First of all, there is a time and a place to develop ticket sales gimmicks and for the most part that time is BEFORE money is accepted as a deposit. You can bet that the moment MLB announced the 2012 schedule on September 13, 2011, front office folks were hard at work coming up with wacky promotions to get butts into seats. That gave Naitonals COO Andy Feffer nearly 5 whole months to come up with his weasely plan to keep Phillies fans out of Nationals Park. The problem is, his team had been taking group ticket deposits for nearly three months before the plan was announced. As a matter of fact, I could go on the Nationals Group Ticket Sales page right now and place a $200 deposit without any indication that my money would later be deemed no good for the May 4-6th series against the Phillies. Instead the Nationals have offered full refunds to all groups of fans that may have been looking to make the trek to DC that weekend. Obviously that timing has repercussions for organizations that plan trips in advance like the group at IPS who were left high and dry after putting down a deposit on a bus as well. And while that story had a happy ending as the Reading Phillies offered the group complimentary tickets to their stadium on the same day, you have to imagine that many fan groups won't be so lucky.
But the bigger thing that irks me about you, Washington, is the overnight sense of entitlement you've developed. It's as if an entire organization and fan base has suddenly adopted the same snide attitude of Jayson Werth that made Phillies fans only half interested in even seeing their team make an offer for the guy to come back. Says Andy Fefferer:
"If we lock a few Phillies fans out, so be it. They can be angry all they want... look, we’re not gonna make it easy for group sales, for buses coming from Philly. I will not make it easy for those guys to buy tickets or get into this ballpark... Forget you, Philly. This is our park, this is our town, these are our fans, and it’s our time right now.”"Your park" only holds the team's namesake because naming rights couldn't be sold and was funded with $611M in tax payer dollars that most DC residents were furious about. "Your fans" have filled that park to the rank of 13th, 13th, 14th, and 14th out of the 16 teams in the National League in attendance. And "Your Time" is after an 80-81 season in which you were 21.5 games out in the division and 9.5 out of the playoff picture. This isn't how you build a fan base. You can't shove a subpar product down their throats with "#FUPhilly" radio bits by giving away tickets in the hundreds. "Your" inferiority complex is getting out of hand!

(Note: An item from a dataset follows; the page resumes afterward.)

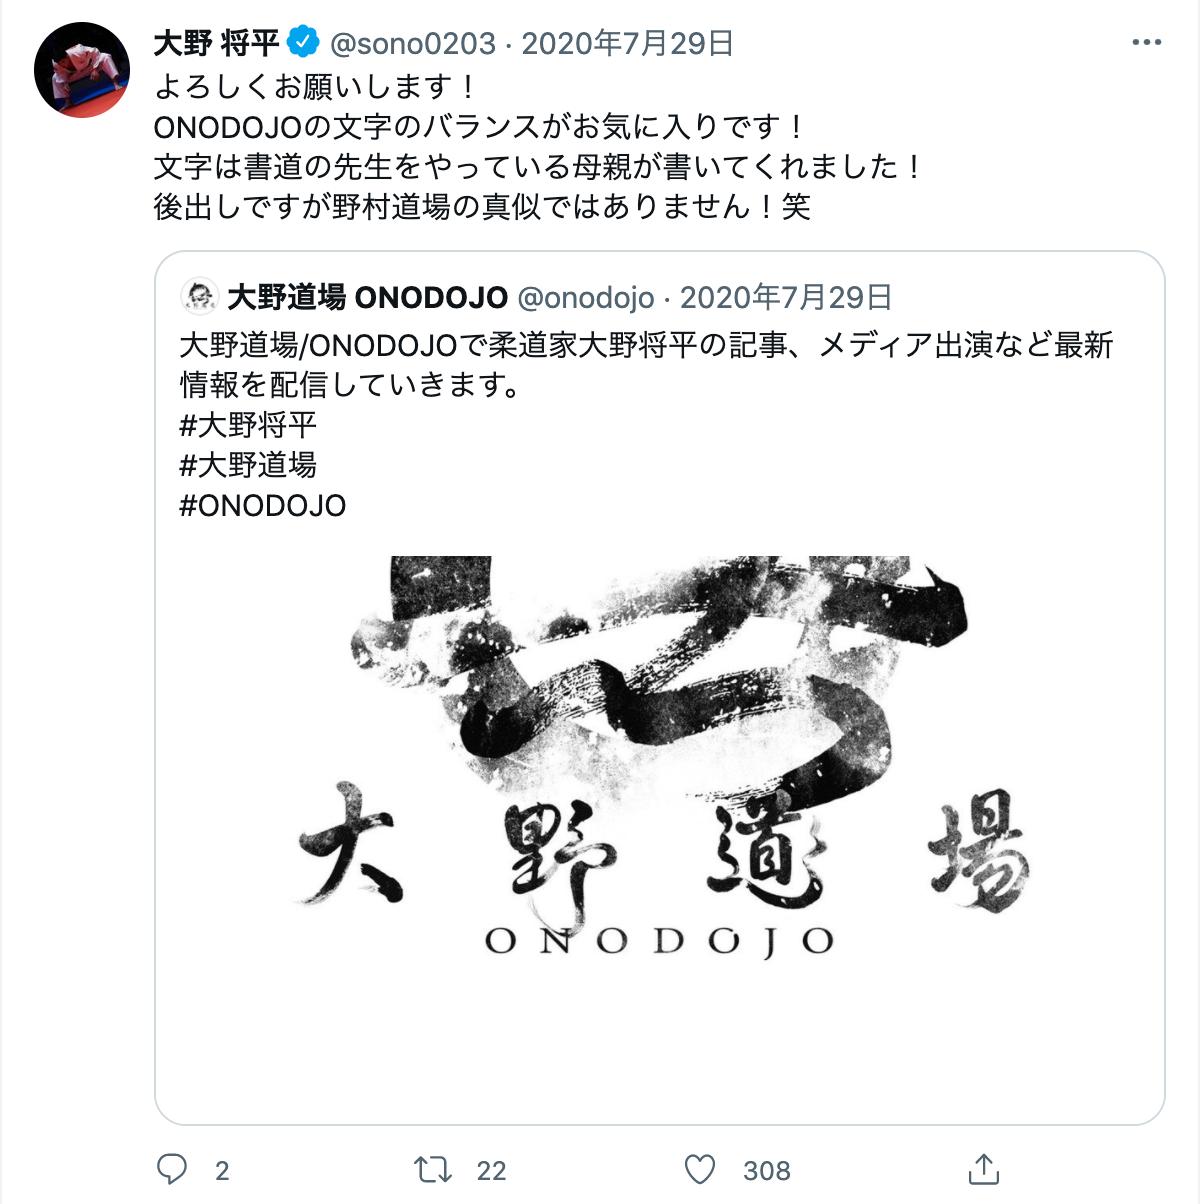 大野将平さんのTwitter
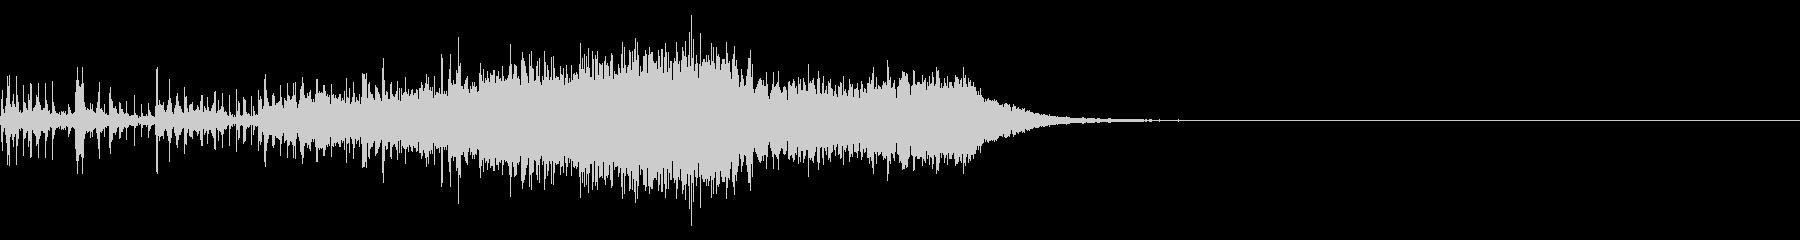 スパーク音-31の未再生の波形

The concept of "taking back the park" is something Jayson Werth mentioned immediately upon joining the team. It's also something that popped up on a fan forum of yours over a year ago. (Your COO jacking ideas from a FAN FORUM, think about that possibility for a minute). But it doesn't work that way! Banning Phillies fans does not create Nationals fans! Instead you end up with a handful of Nats die hards, a handful of guys that thought it'd be cool to stick it to Philly for the weekend, and a whole lot of irate Phillies fans who had to spend an extra 20-30% secondary market to get tickets (over a thousand available on Stubhub right now). I'll be there on May 5th with a group of twenty blog readers. I suspect that many area bloggers will have similar groups. And PhilsFever will still roll down I-95 in a caravan of coach buses.
A good product brings people on the bandwagon and bandwagons drive out opposing fans! See Phillies, 2007.